The nearest town was Gilliam, Oklahoma, and nobody there knew anything about 2X15. “Nobody goes there. I think they all died or moved out a long time ago.”

I had to fully insure the horse. I was, after all, leaving to a new and unknown realm where people might keep time with knotted cords and slay one another with stone axes. I hoped that the folks of 2X15 hadn’t kept up with the ways of Babylon so they wouldn’t know that I had been modified, as at least half the world was.

I had downloaded some files on horse riding, and I setoff for the West. I had assumed that my satellite links would be active all the way there. I mean, the satellite net covers Africa and Asia and Antarctica—so I figured that Oklahoma was a sure thing.

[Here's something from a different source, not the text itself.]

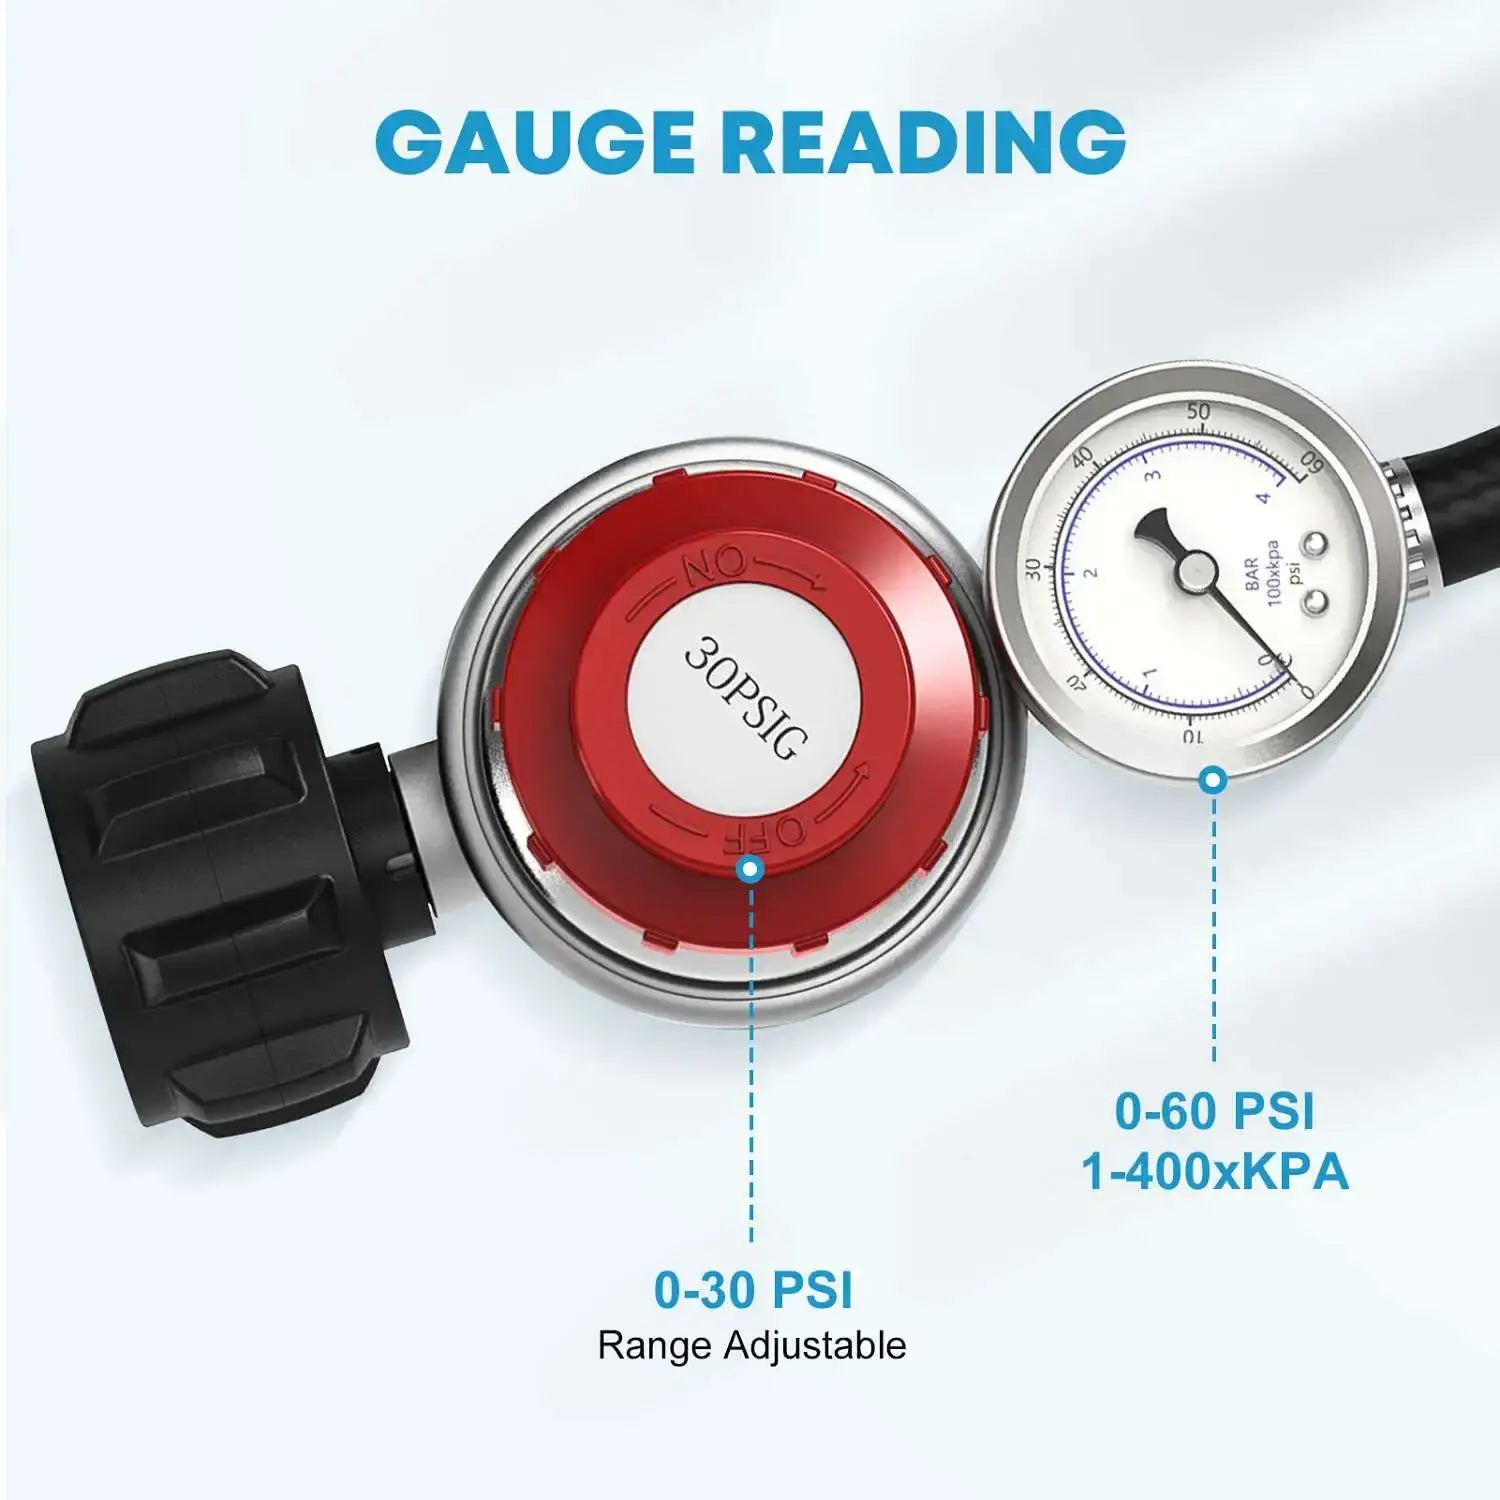 4 ft propane gas regulator gauge reading

So when the comforting voices began to fade out a few miles from the village, I was scared. I was going to be alone. I hadn’t been alone since I was seven or eight years old. I started to panic, and the horse, a chestnut gelding, felt my fear.

He galloped a little wildly, and I let out a scream. I almost fell, but grabbing the reins and concentrating on bringing the beast under control calmed me. When my horse stopped, all was quiet. I couldn’t will a message to anyone. I couldn’t ask for a map. I didn’t even know what time it was.

Have you ever not known what time it was?

Even unmodified humans have only to ask that question out loud, and something will answer—whether it is a coffee pot or their shoes.

I was in a different world. The primitive world.

This would make a great story.

I imagined billions of people downloading it.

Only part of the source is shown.